### Data shown:
★ ★ ★

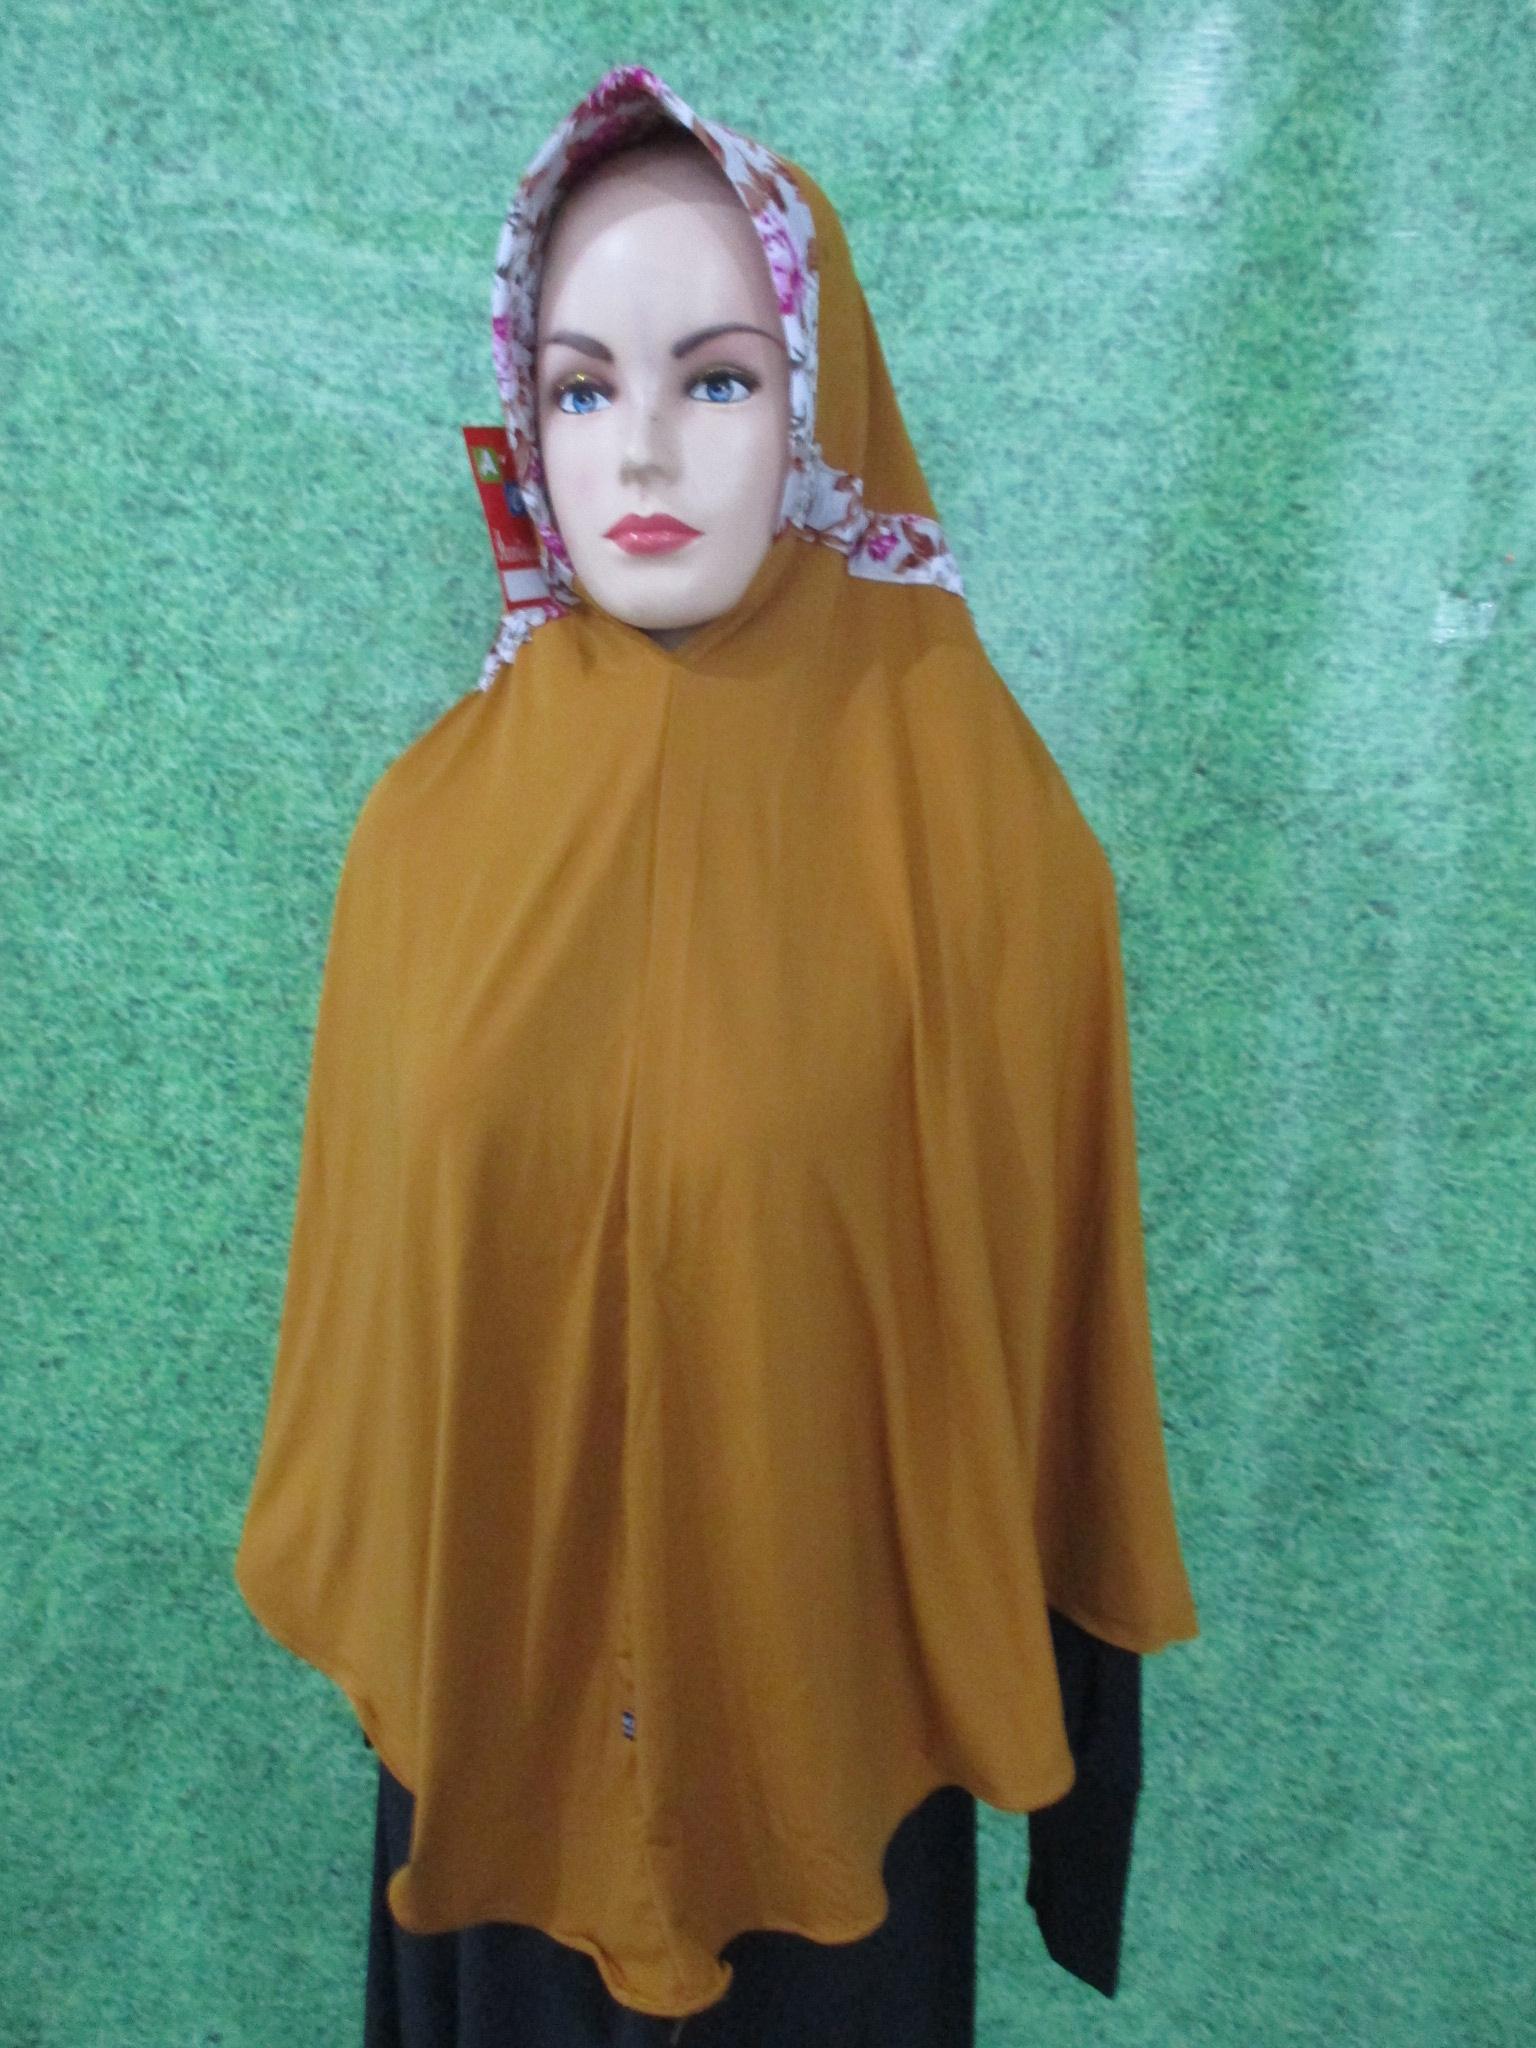 grosir jilbab murah surabaya
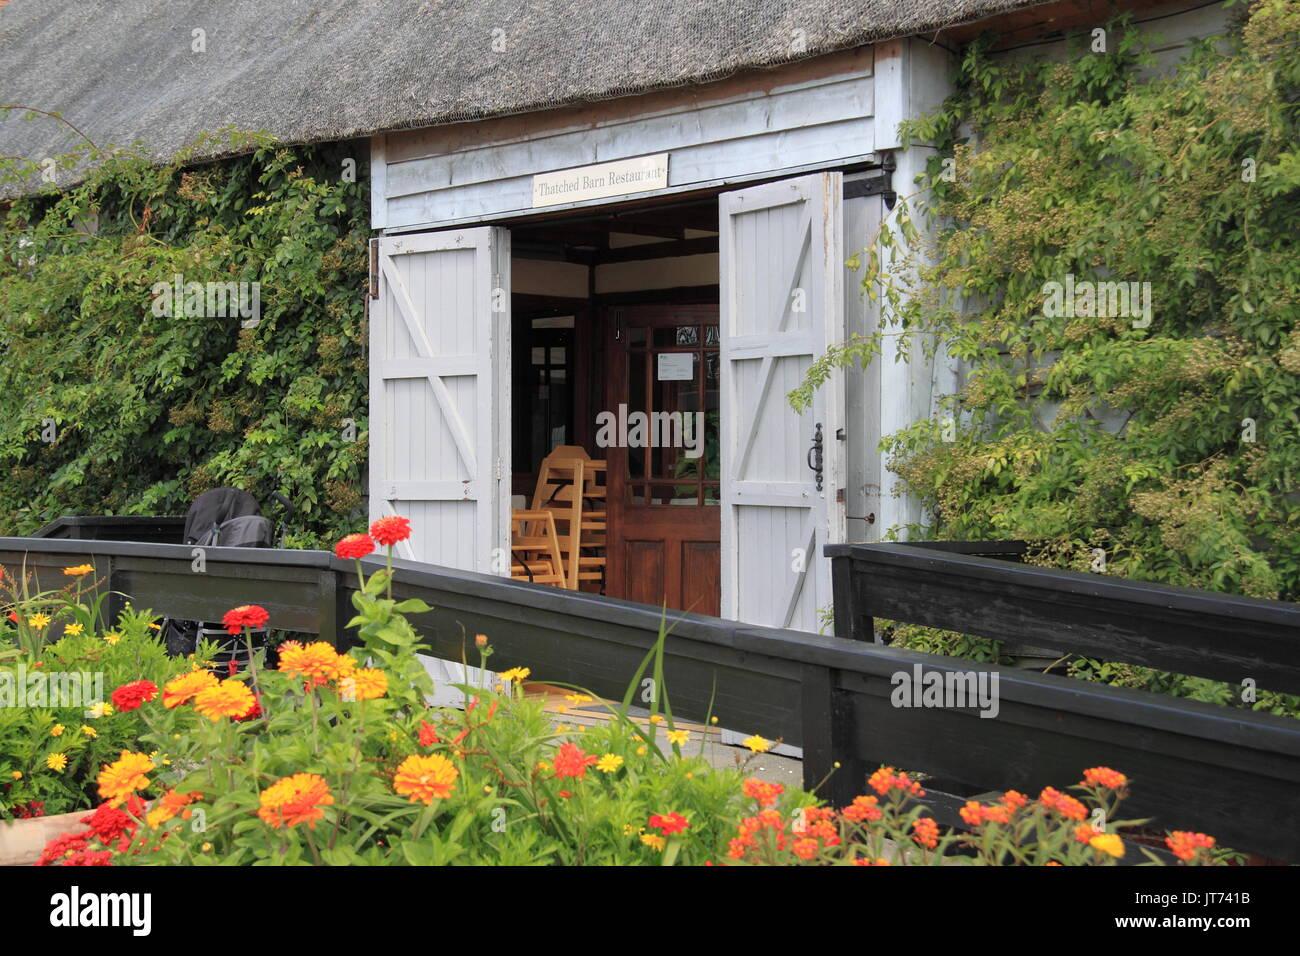 Restaurant Barn Stock Photos & Restaurant Barn Stock Images - Alamy
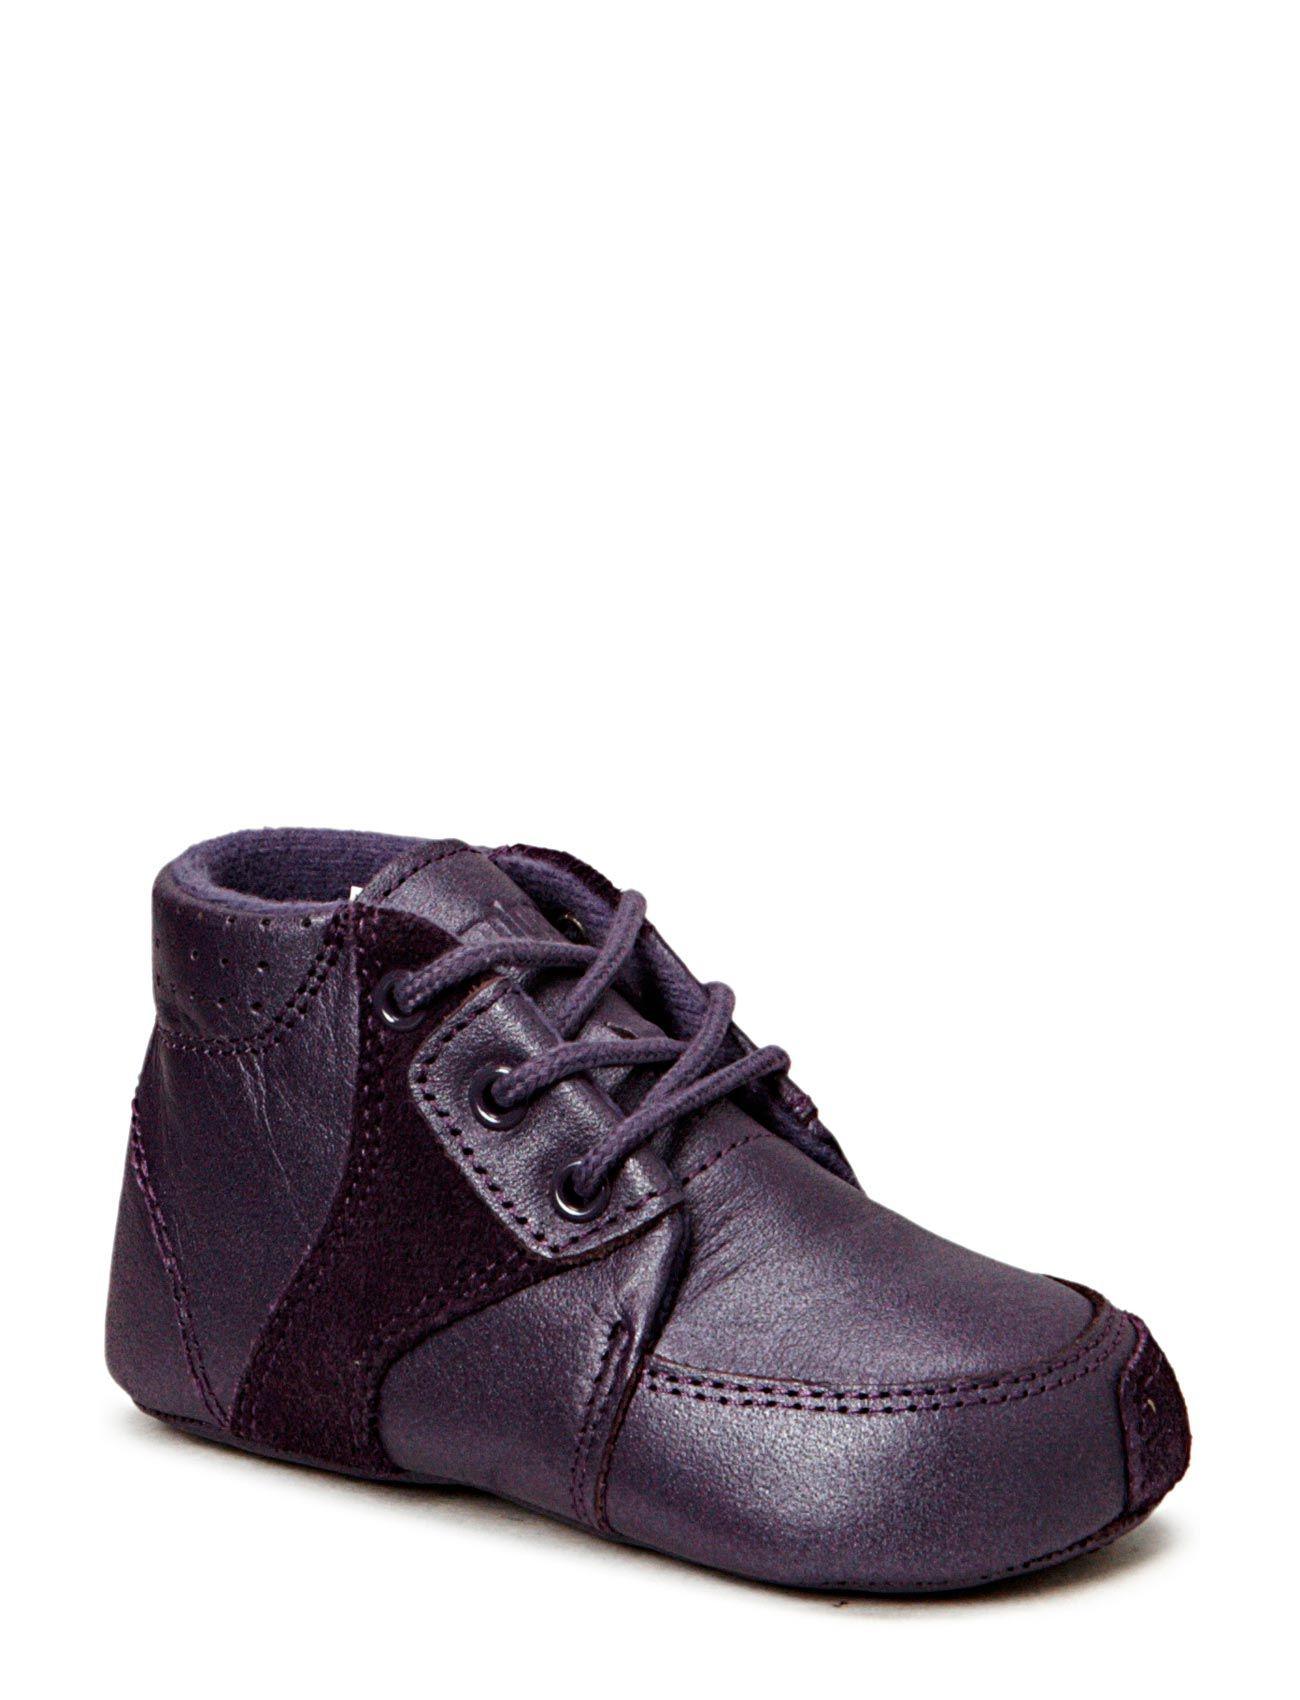 bundgaard Prewalker purple w/laces på boozt.com dk

★ ★ ★

### Exercise objective:
Your task is to repeat, word for word and with no picture, every line from the one that contains "Restaurant Barn Stock Photos" through the last line of the data.

### Response below:
 Restaurant Barn Stock Photos & Restaurant Barn Stock Images - Alamy
 bundgaard Prewalker purple w/laces på boozt.com dk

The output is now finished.